Биология внутренних вод, 2019, № 3, стр. 3-10
Моделирование биотического потока энергии в планктонном сообществе экосистемы озерного типа при участии микробиальных организмов
В. В. Бульон *
Зоологический институт Российской академии наук
199034 Санкт-Петербург, Университетская наб., 1, Россия
* E-mail: vboulion@mail.ru
Поступила в редакцию 24.04.2018
После доработки 18.12.2018
Принята к публикации 06.02.2019
Аннотация
Для экосистемы озерного типа построена масс-балансовая модель биотического потока энергии в планктонном сообществе с участием микробиальных организмов. Входные абиотические параметры модели: географическая широта, средняя глубина, цветность воды и содержание в воде общего фосфора. Модель сконструирована на базе опубликованных данных для Рыбинского водохранилища и озер Монголии. Анализ модели показал, что при подключении микробиальной “петли” к “традиционной” линейной трофической цепи биомасса и продукция метазойного планктона и планктоноядных рыб снижаются почти вдвое. Предполагается, что величина конечной продукции экосистемы (продукции рыб) тесно связана со степенью выраженности микробиальной “петли” на протяжении вегетационного сезона.
ВВЕДЕНИЕ
Микроорганизмы размером <100 мкм создают на базе линейной пищевой цепи так называемую микробиальную “петлю” или микробиальную пищевую сеть, исследование значения которой в биотическом потоке энергии в водных экосистемах – одно из приоритетных направлений современной гидробиологии. В микробиальную сеть входят фотосинтезирующие и гетеротрофные микроорганизмы: пико- и нанофитопланктон, гетеротрофные бактерии, флагеллаты и инфузории [19, 21, 24, 26].

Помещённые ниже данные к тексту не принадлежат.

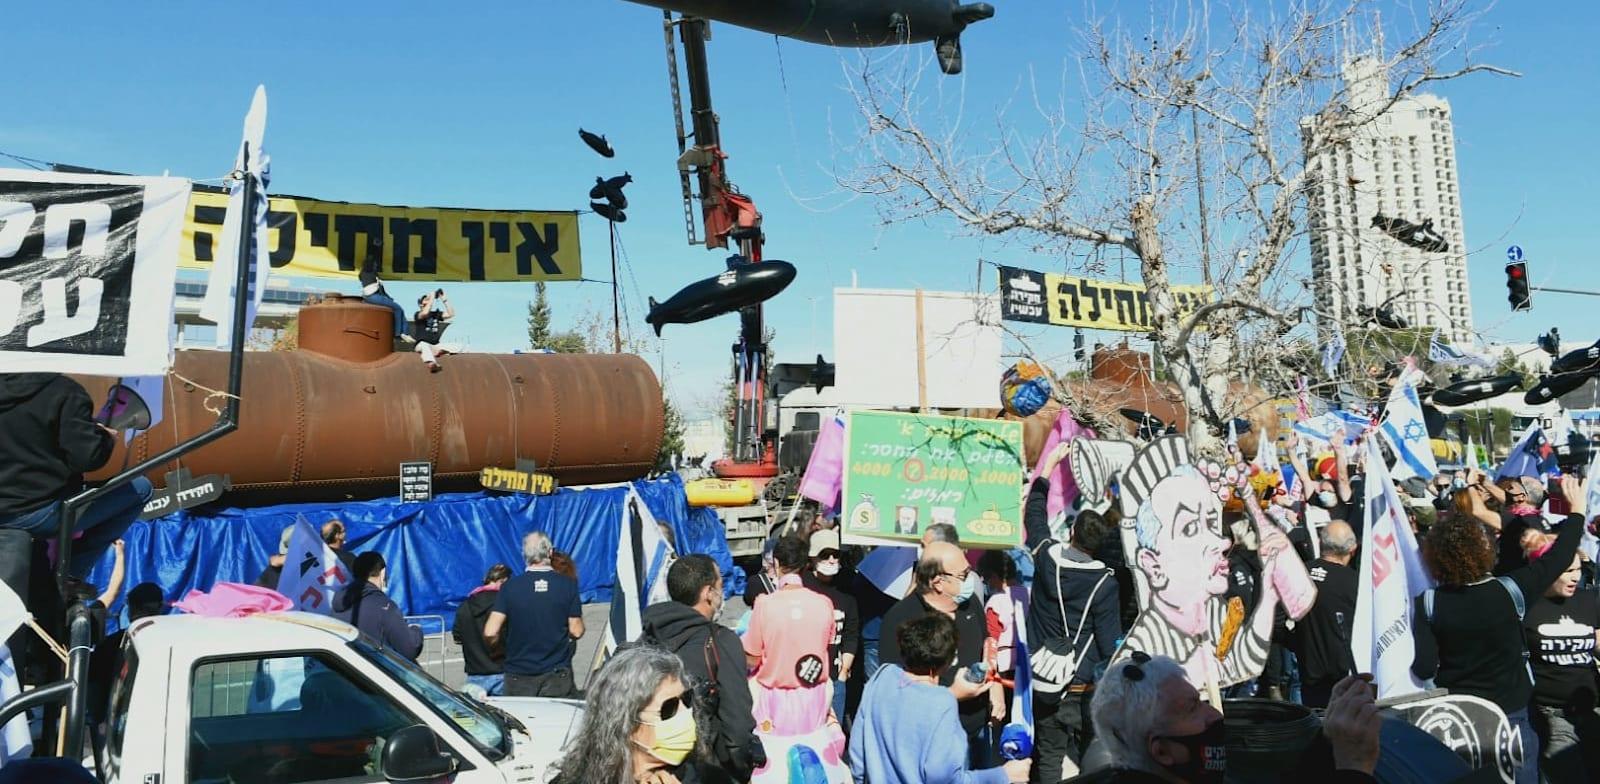 הפגנה מחוץ לבית המשפט העליון בדרישה לפתוח בחקירה פלילית נגד ראש הממשלה בנימין נתניהו בפרשת הצוללות / צילום: רפי קוץ
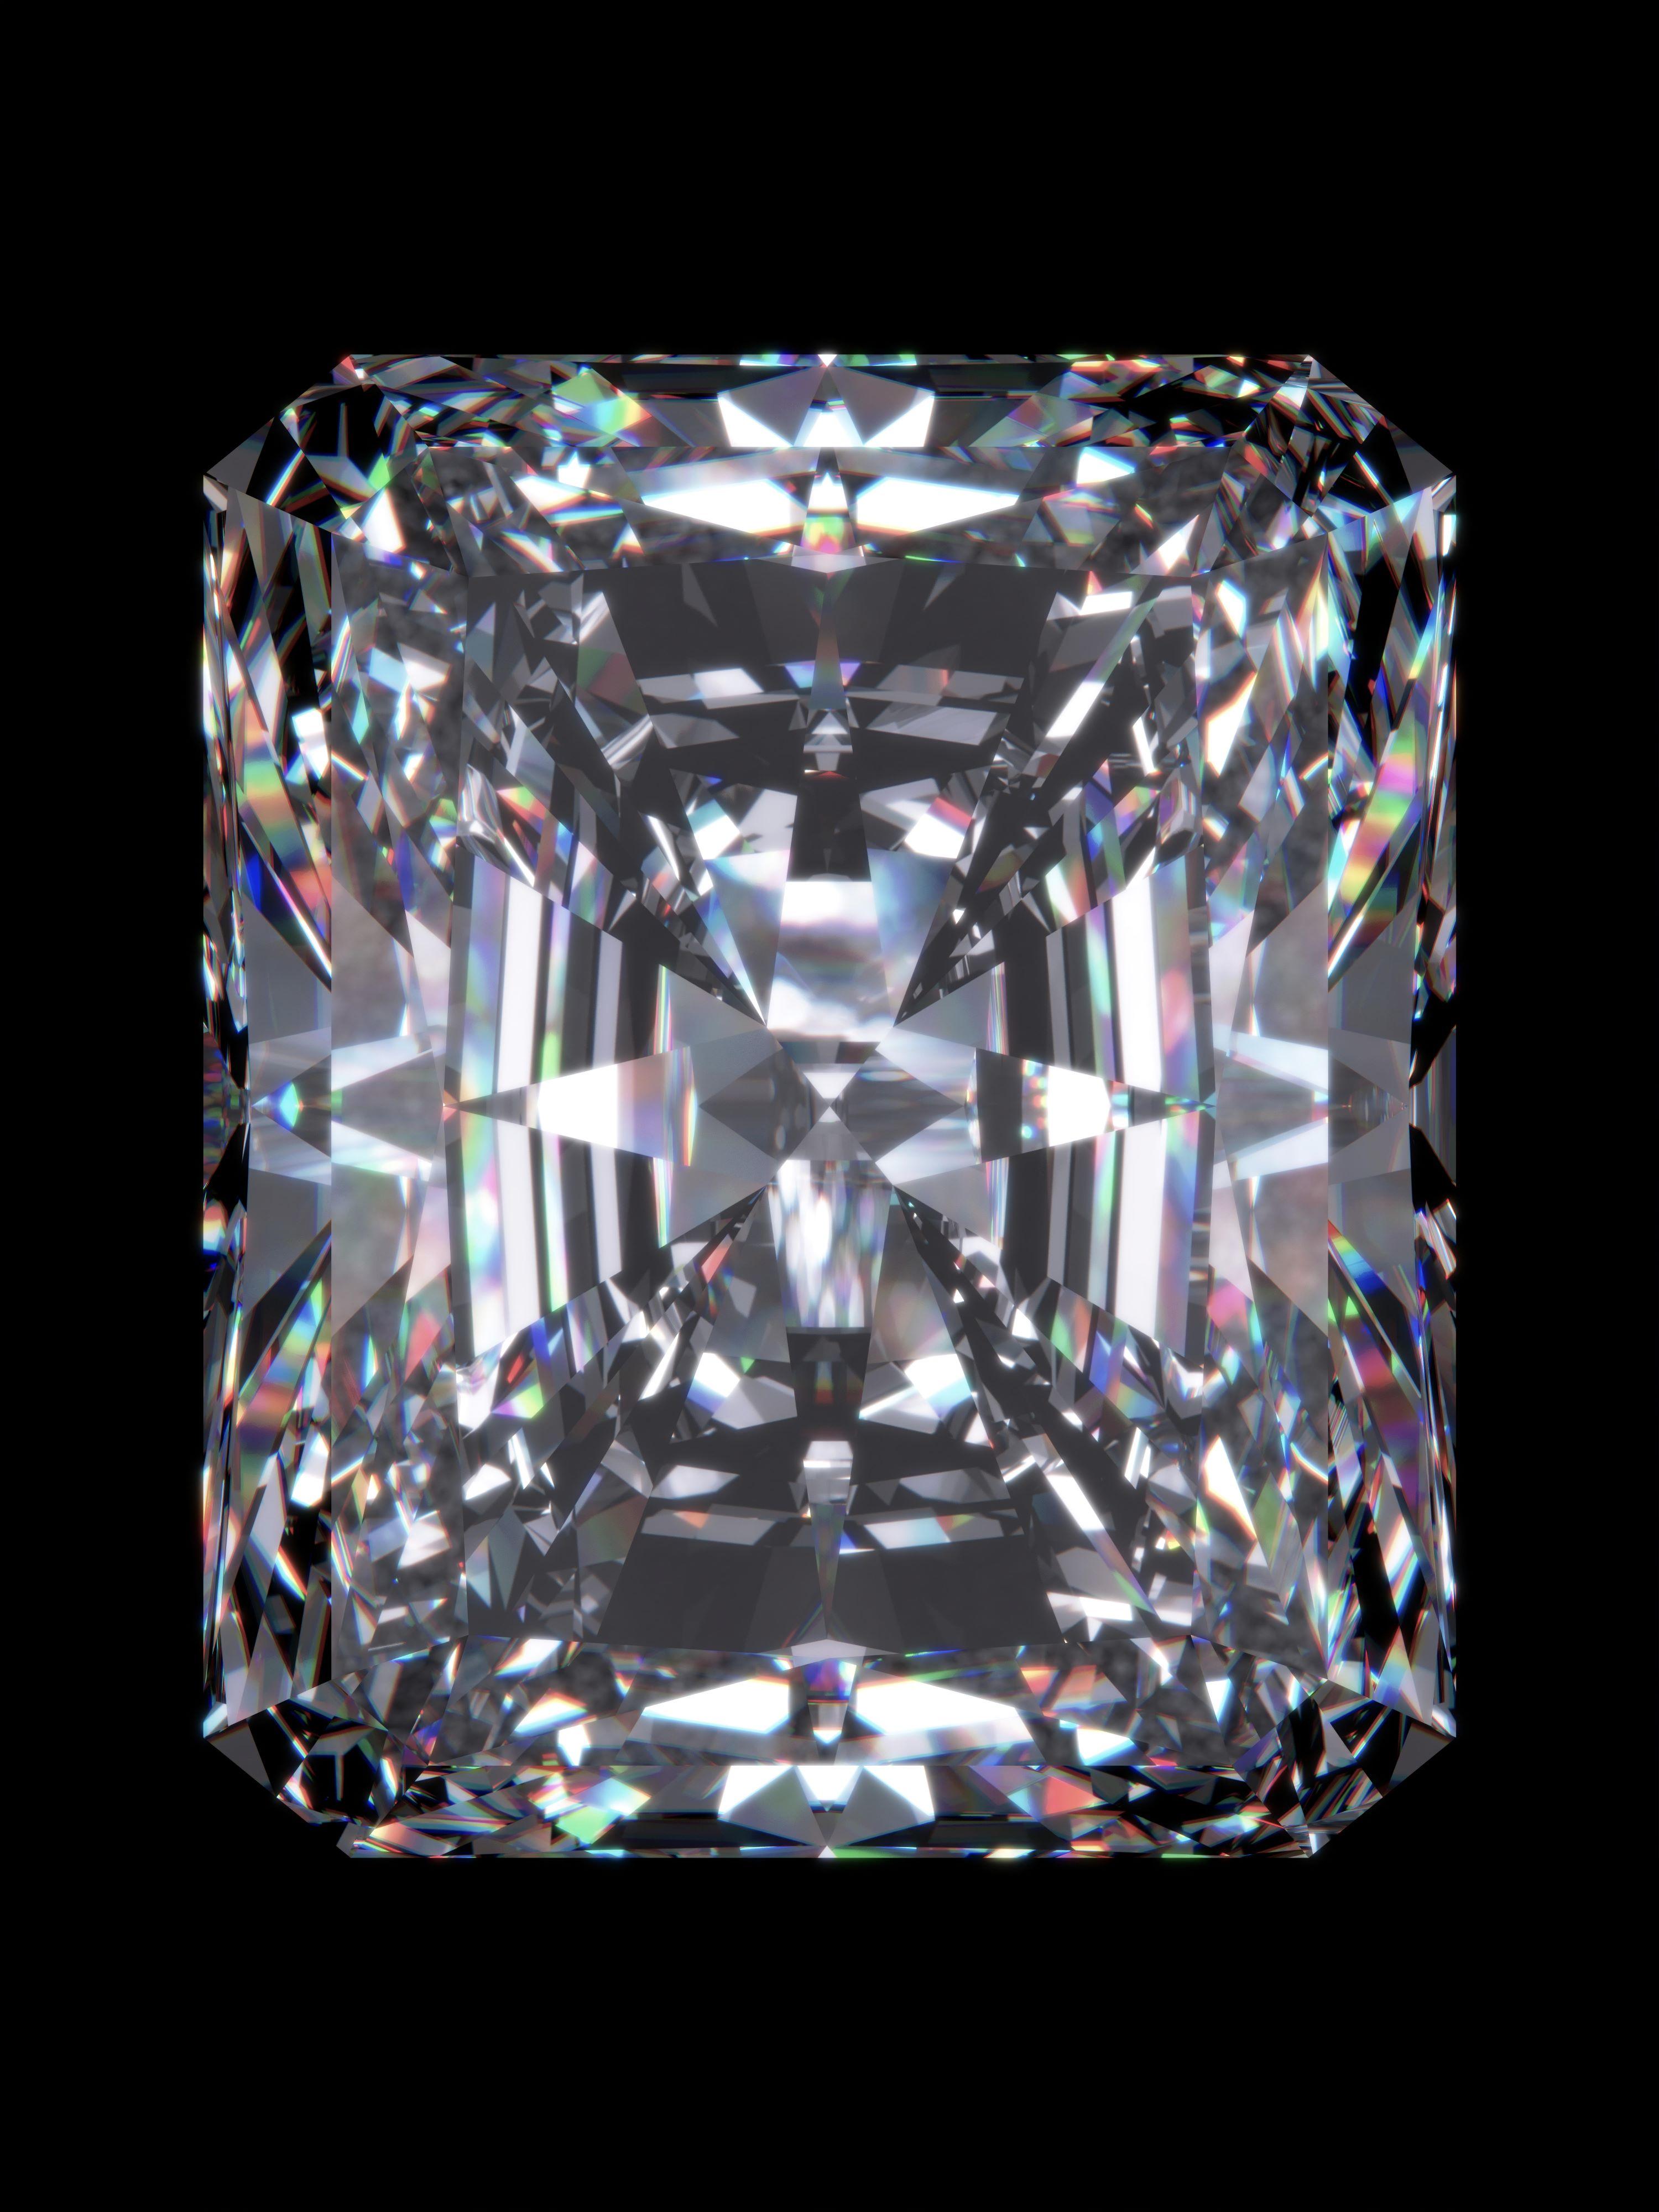 Diamant mit Radiantschliff auf schwarzem Hintergrund

Фитопланктон прижизненно или, чаще всего, в результате лизиса, фотолиза и разрушения клеток водорослей зоопланктоном теряет часть синтезированных органических веществ в растворенной форме. Потребителями автохтонного и аллохтонного РОВ служат гетеротрофные бактерии. Главная функция бактерий заключается в трансформации РОВ во взвешенное органическое вещество (ВОВ), доступное бактериофагам, а функция бактериофагов – в регенерации биогенных элементов [12–14, 16, 28].
За фитопланктон конкурируют представители нехищного мета- и протозойного планктона. Гетеротрофные жгутиконосцы и инфузории – основные потребители бактериопланктона и, одновременно, жертвы коловраток, кладоцер и копепод. Гетеротрофные флагеллаты – объекты охоты не только для метазойного планктона, но и цилиат [18, 22, 23, 25, 27, 29]. Такая многоканальность потока энергии ведет к снижению эффективности еe переноса от первичных продуцентов к многоклеточному зоопланктону и, в конечном счете, к планктоноядным рыбам.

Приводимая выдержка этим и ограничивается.